All coefficients are hence not significantly different from zero at a 5% significance level, except for the constant term, which is significant at a 5% significance level but not at a 1% significance level. In order to assess the degree of explanatory power of the considered variables as determinants of the proportional hidden volume, it is possible to observe the value of the coefficient of determination:

R₁² = 1.4191E-01

This result implies that a very low fraction of the variability observed in the dependent variable (proportional hidden order flows) is explained by the estimated variability in the right hand side variables.

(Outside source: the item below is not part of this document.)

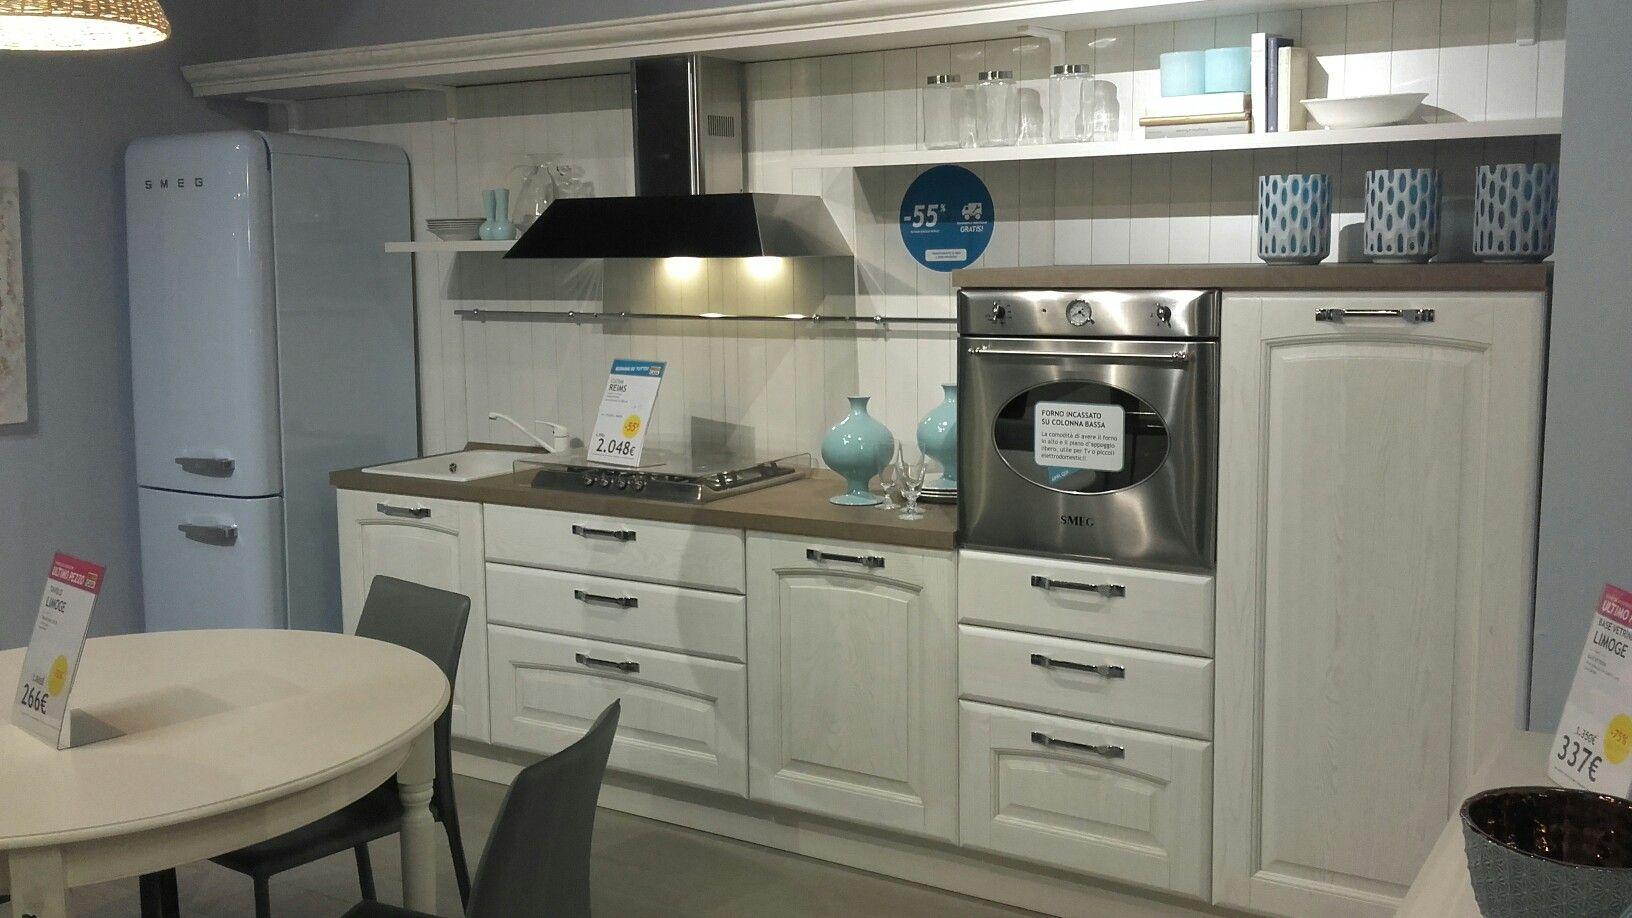 cucina ricci casa | kitchens | pinterest | cucina - Cucina Ricci Casa

Now, let us introduce an additional variable among the regressors. In particular, the mean price (mp) in each 5-minute interval is considered as a potentially good indicator of order flows with non-displayed liquidity. The ols estimates of the new model, given by

h_t = β₀ + β₁ h_t_-1 + β₂ sof_t + β₃ tv_t + β₄ r_t² + β₅ mp_t + ε_t

are reported in the following table.

	β (95% CI)	t
constant	3.1046E-02 (1.9108E+01)	3.3567E-03
h_t_-1	1.4399E-01 (2.2214E-02)	4.5660E-01
sof_t	-1.7875E-05 (3.0159E-09)	-1.5383E-01
tv_t	-9.1295E-08 (9.6787E-15)	-4.3857E-01
r_t²	-4.3317E-06 (8.8718E-12)	-6.8732E-01
mp_t	6.9148E-07 (6.5454E-10)	1.2774E-02

Unfortunately, all coefficients, including the constant and the newly added regressor, are now not significantly different from zero. This decrease in the explanatory power is not reflected by the coefficient of determination for the second model which is slightly higher than R₁²:

R₂² = 1.4192E-01

Yet, correcting for the difference in the number of regressors in the two models, obtaining and comparing the two adjusted coefficients of determination,

adjR₁² = 9.4237E-02

adjR₂² = 8.1496E-02

it is apparent how such a loss in the significance of the estimated coefficients occurred in the second model is reflected in the loss of explanatory power if we include the mean price as a covariant of the proportional hidden order flows.